* [What is being asked]:
Give the listing below again exactly, but without any of its pictures.

* [Data section]:
-- Opening Marker --

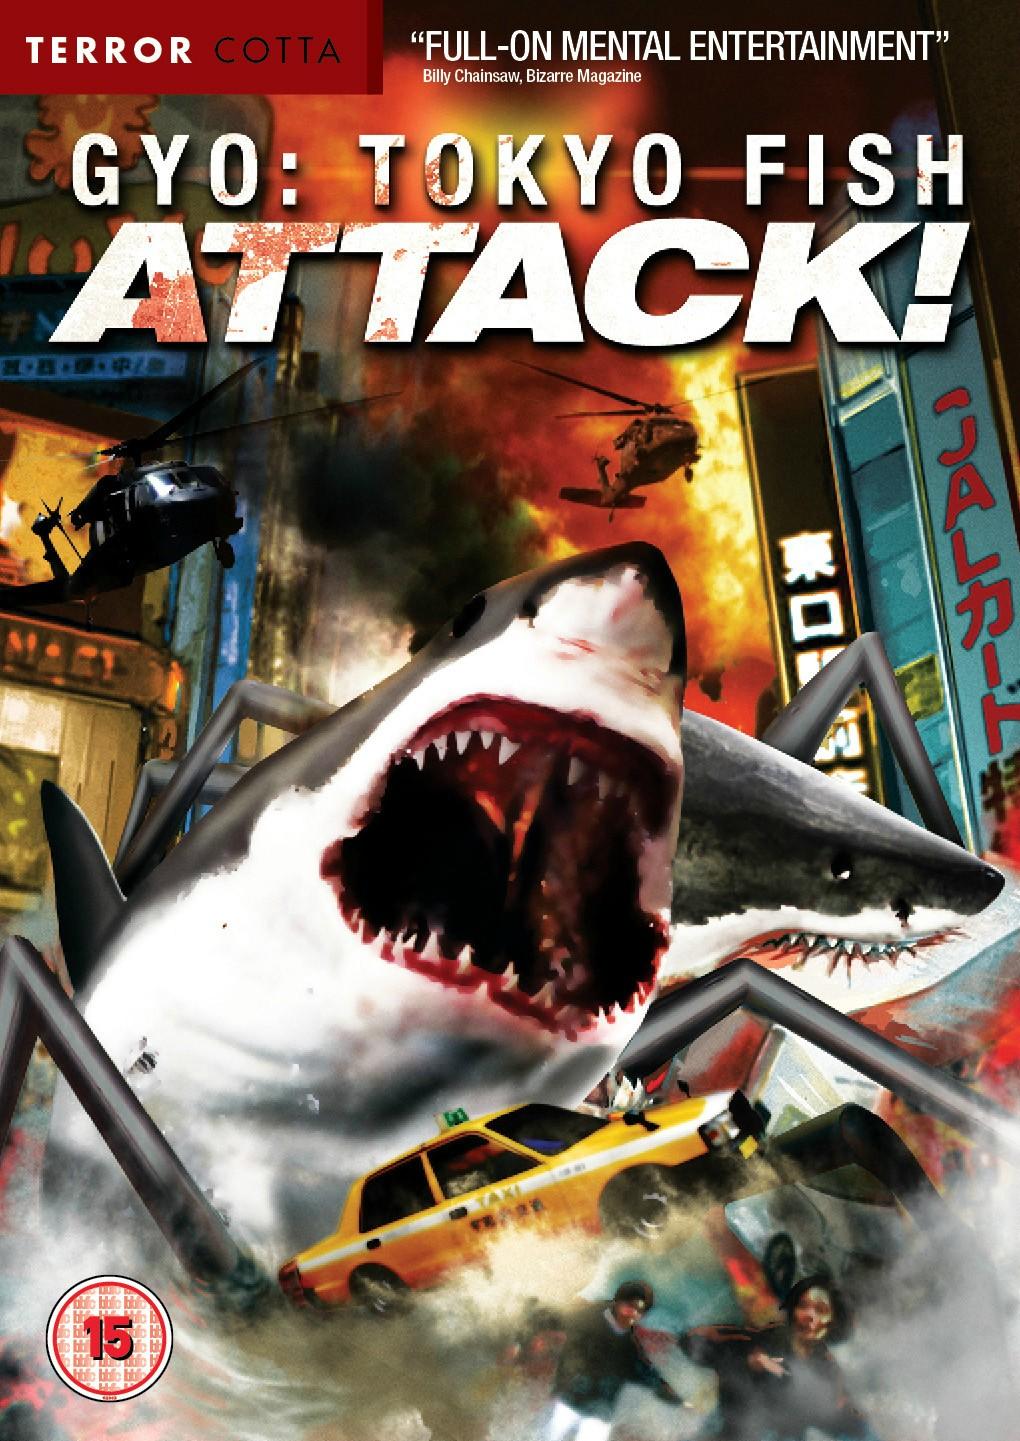 Gyo - Tokyo Fish Attack [DVDRIP] [VOSTFR] [MULTI]
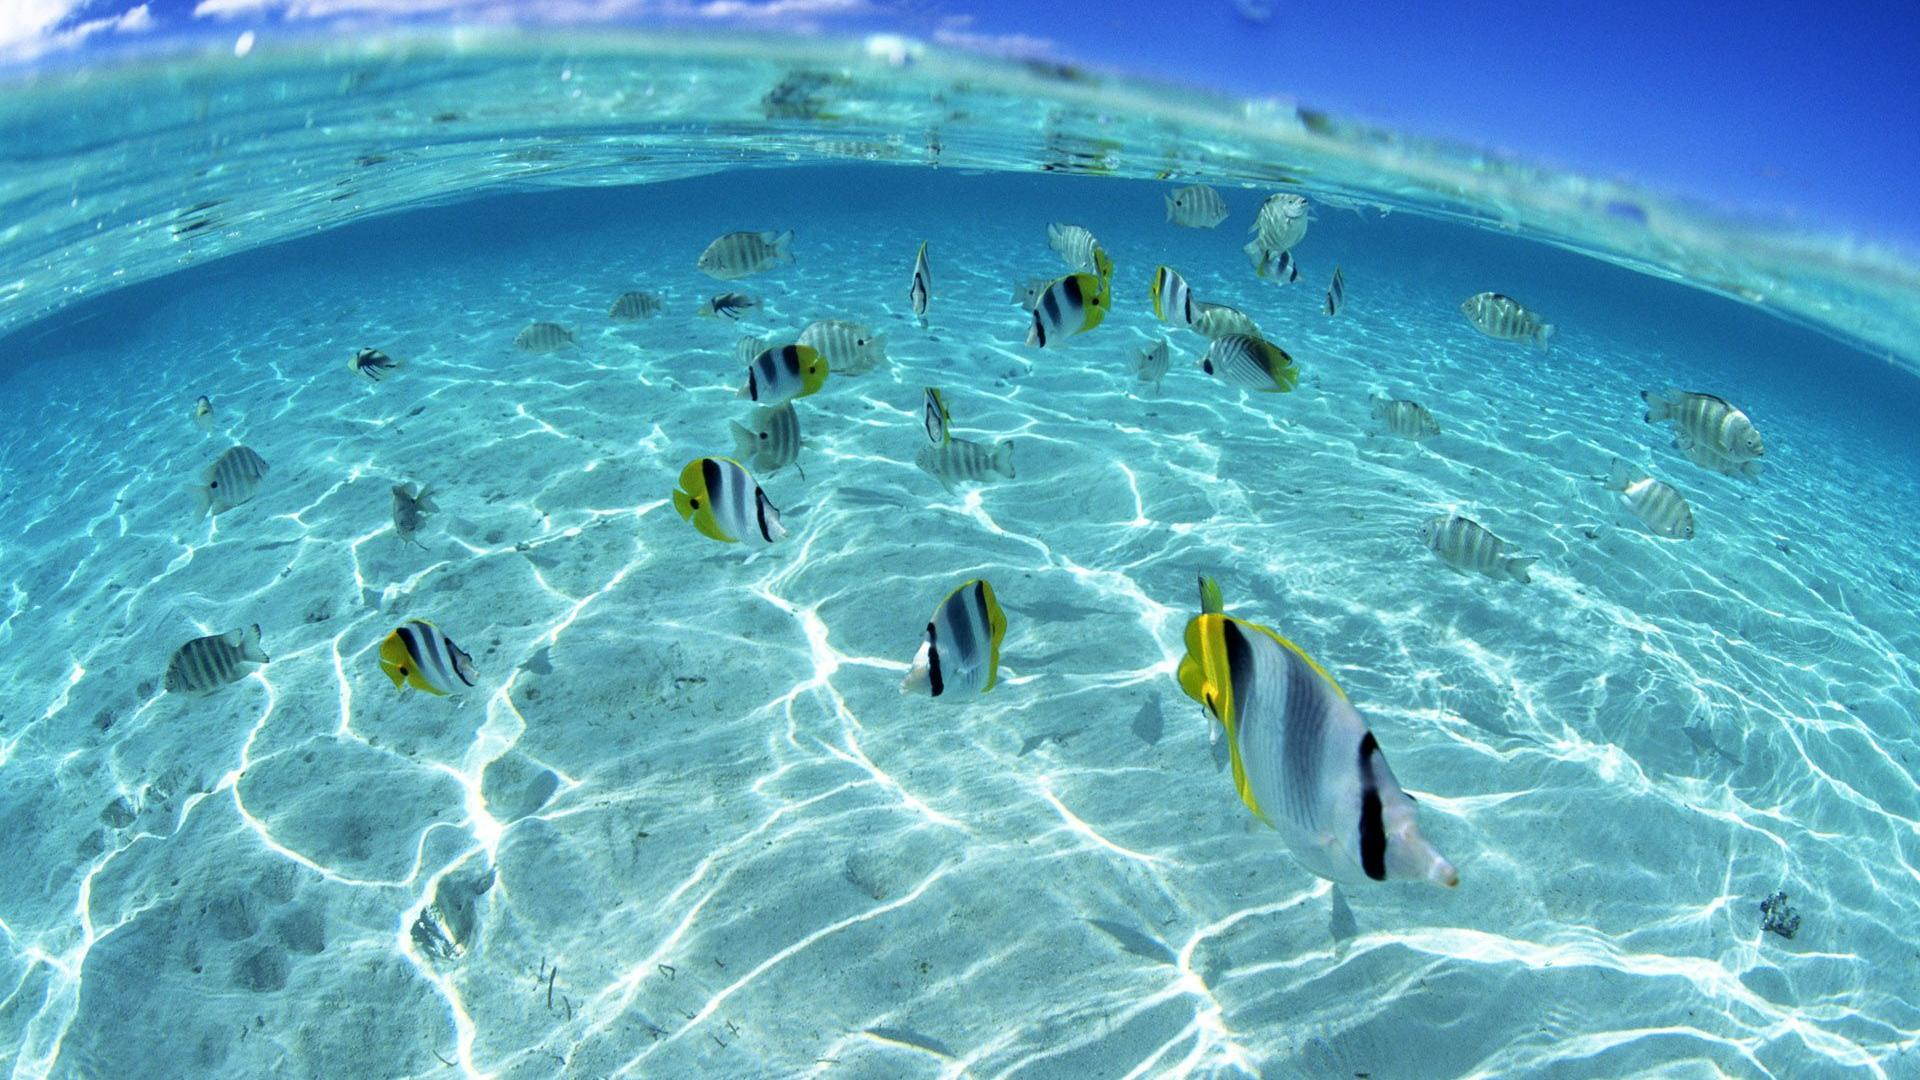 Underwater Fish Wallpaper Photos 2845 Wallpaper Cool Walldiskpaper 1920x1080
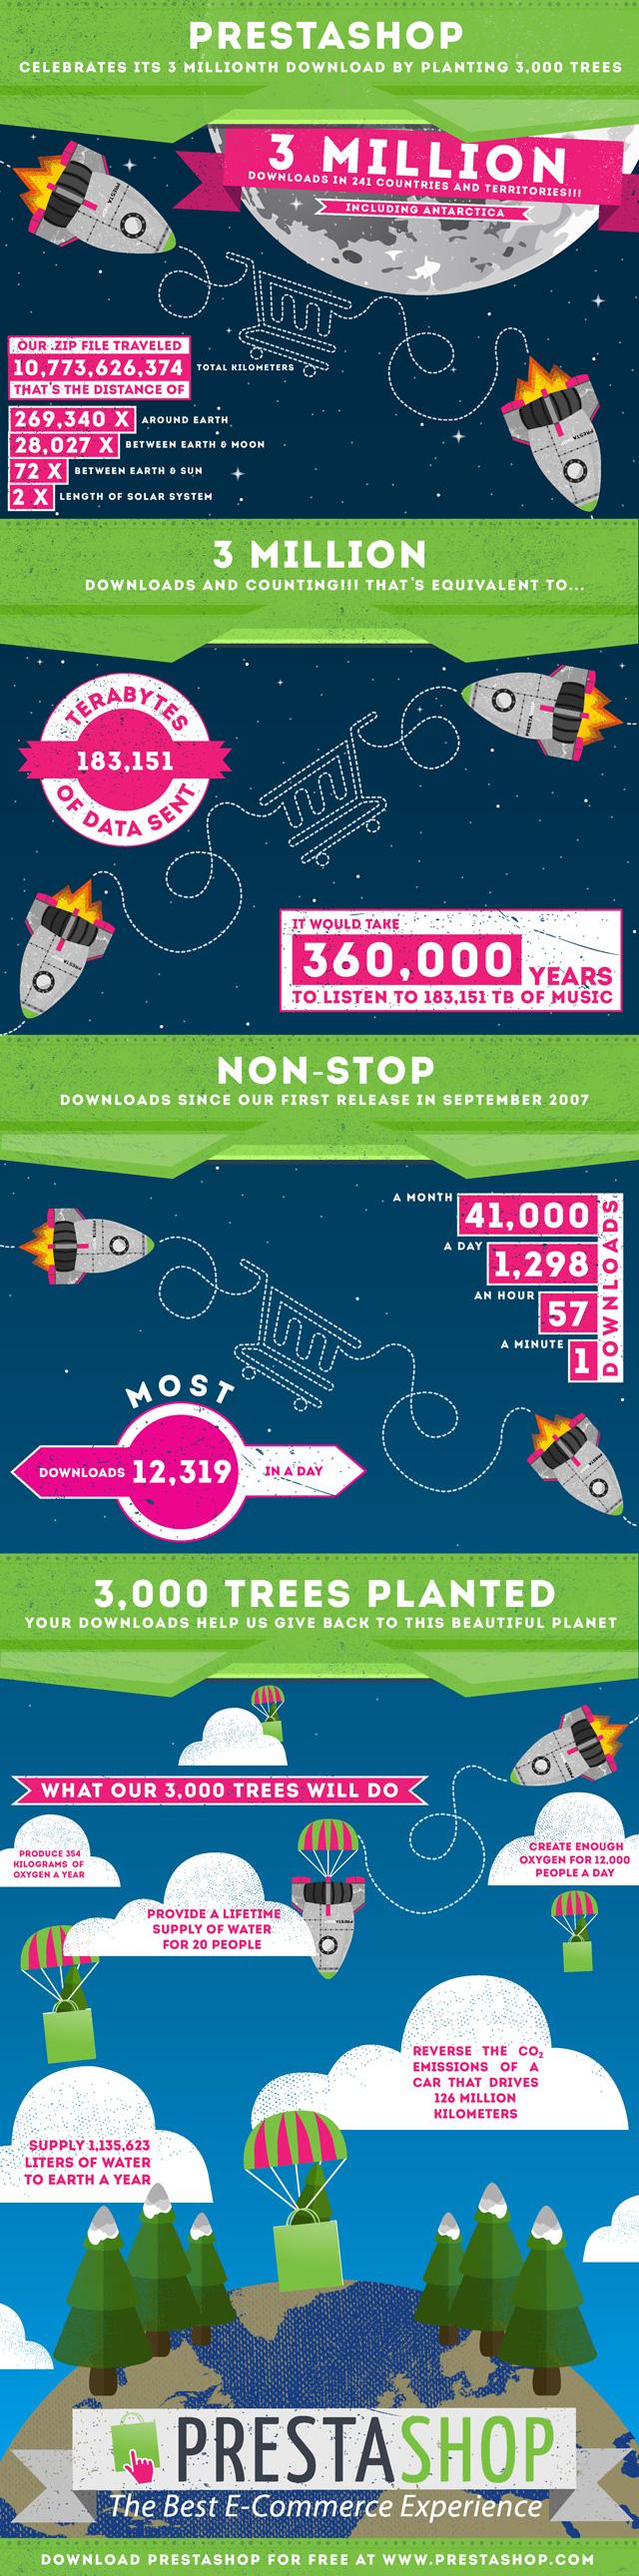 Infografica Prestashop - Traguardi e tremila alberi piantati

-- Closing Marker --

* [Answer box]:
 Gyo - Tokyo Fish Attack [DVDRIP] [VOSTFR] [MULTI]
 Underwater Fish Wallpaper Photos 2845 Wallpaper Cool Walldiskpaper 1920x1080
 Infografica Prestashop - Traguardi e tremila alberi piantati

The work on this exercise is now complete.